Give all of the data again exactly as written, omitting every image.

#### SUPPLIED MATERIAL

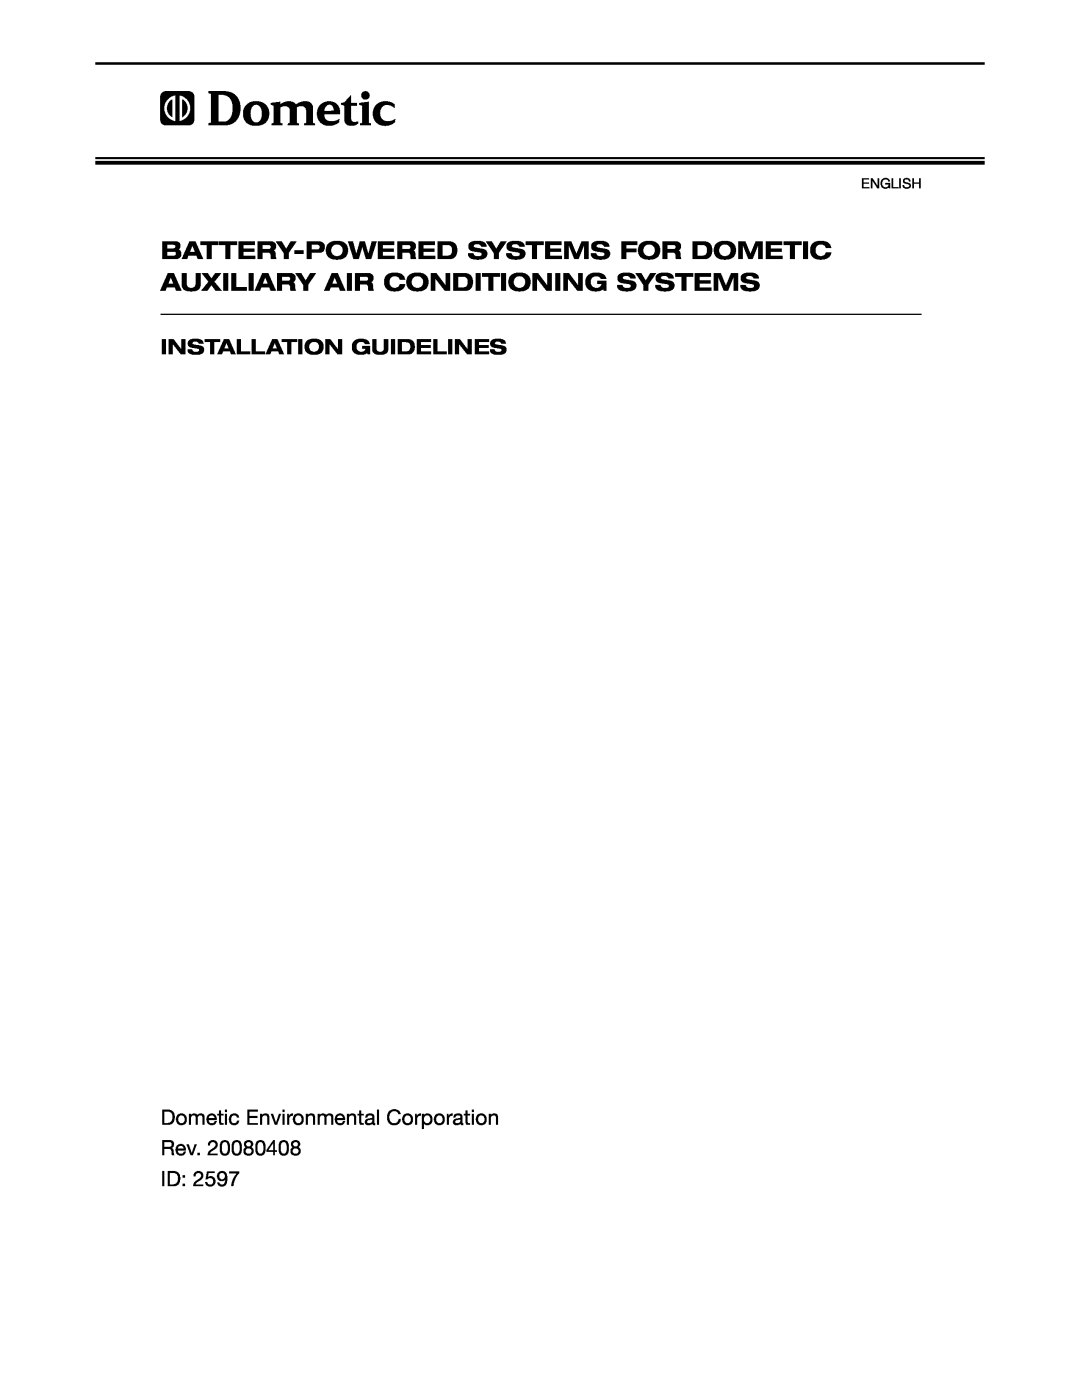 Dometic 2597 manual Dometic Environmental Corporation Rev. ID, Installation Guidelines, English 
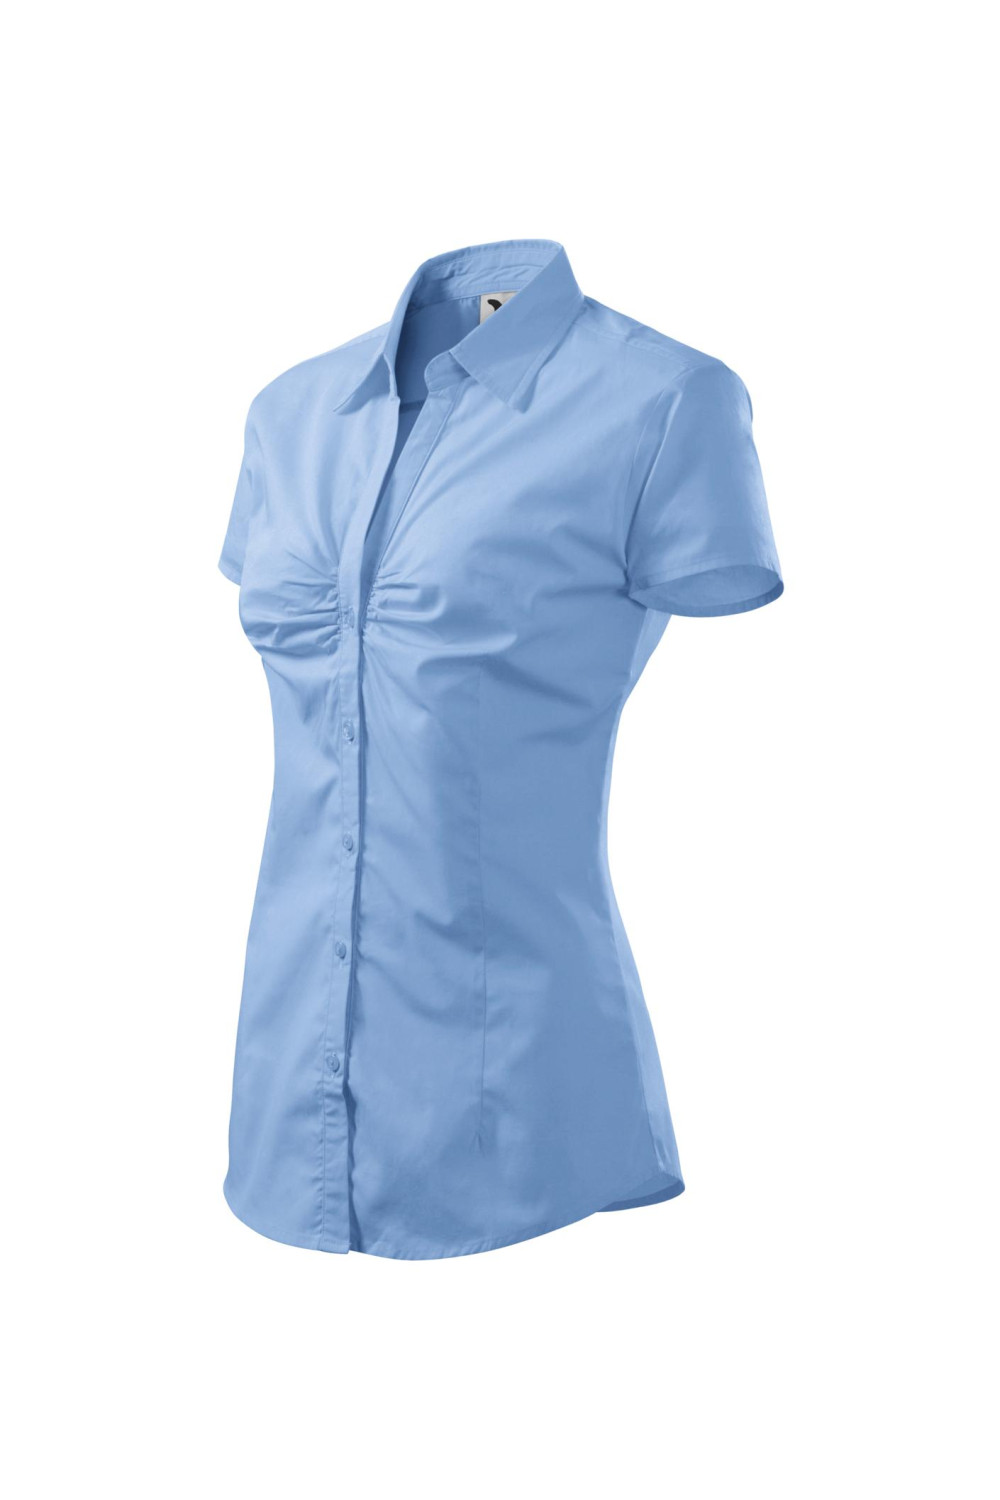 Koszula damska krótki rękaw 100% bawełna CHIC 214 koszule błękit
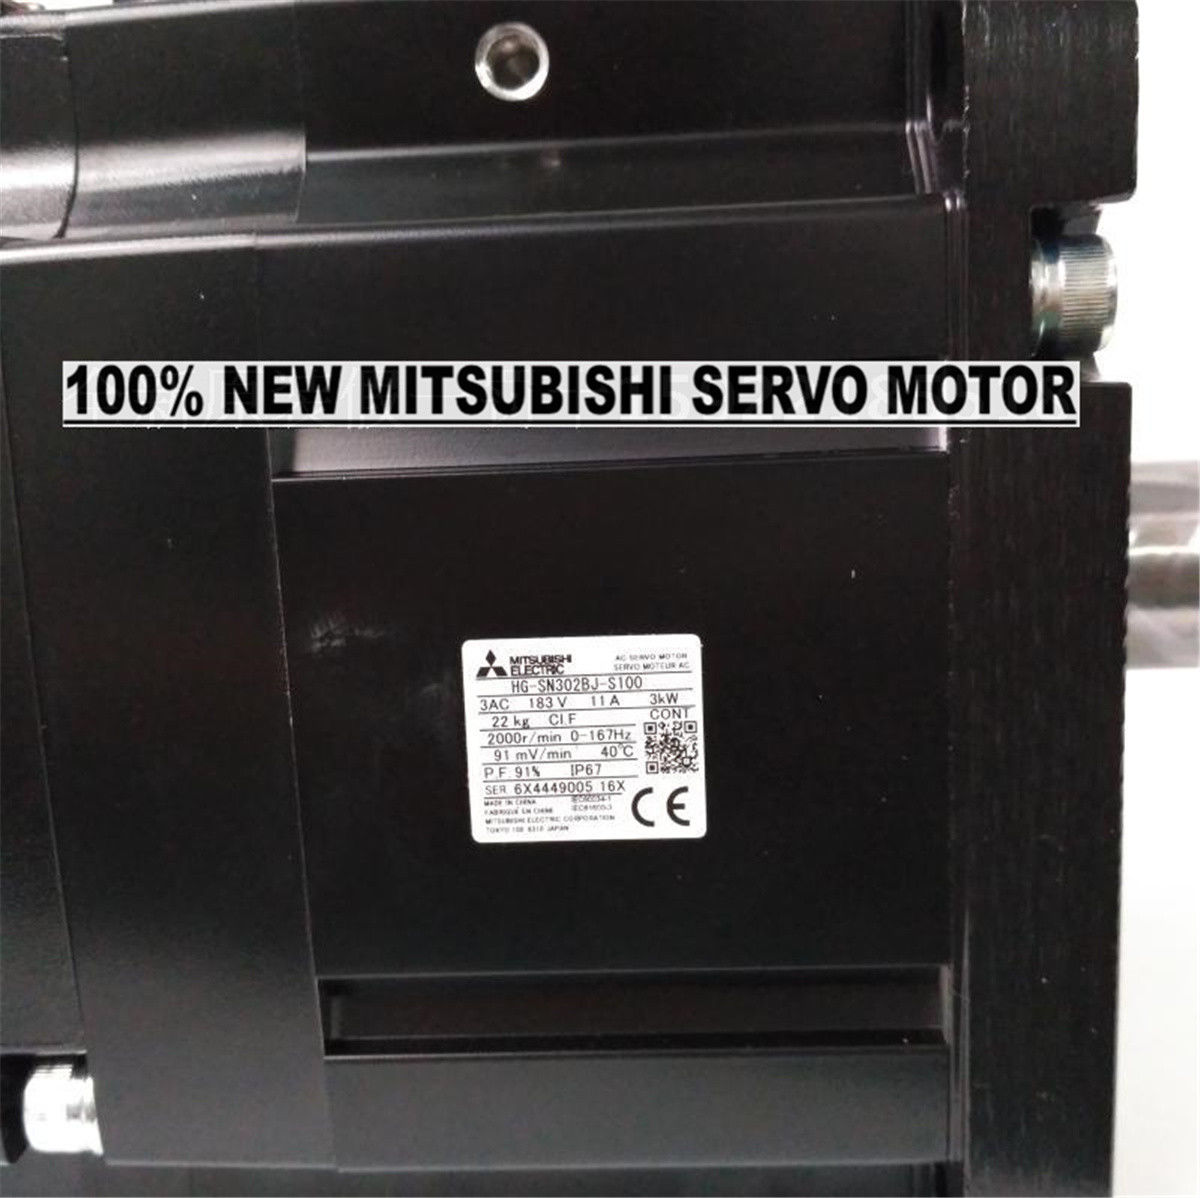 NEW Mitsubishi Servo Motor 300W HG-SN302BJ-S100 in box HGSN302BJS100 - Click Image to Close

########

## RESPONSE
 Dometic 2597 manual Dometic Environmental Corporation Rev. ID, Installation Guidelines, English 
 Koszula damska krótki rękaw 100% bawełna CHIC 214 koszule błękit
 NEW Mitsubishi Servo Motor 300W HG-SN302BJ-S100 in box HGSN302BJS100 - Click Image to Close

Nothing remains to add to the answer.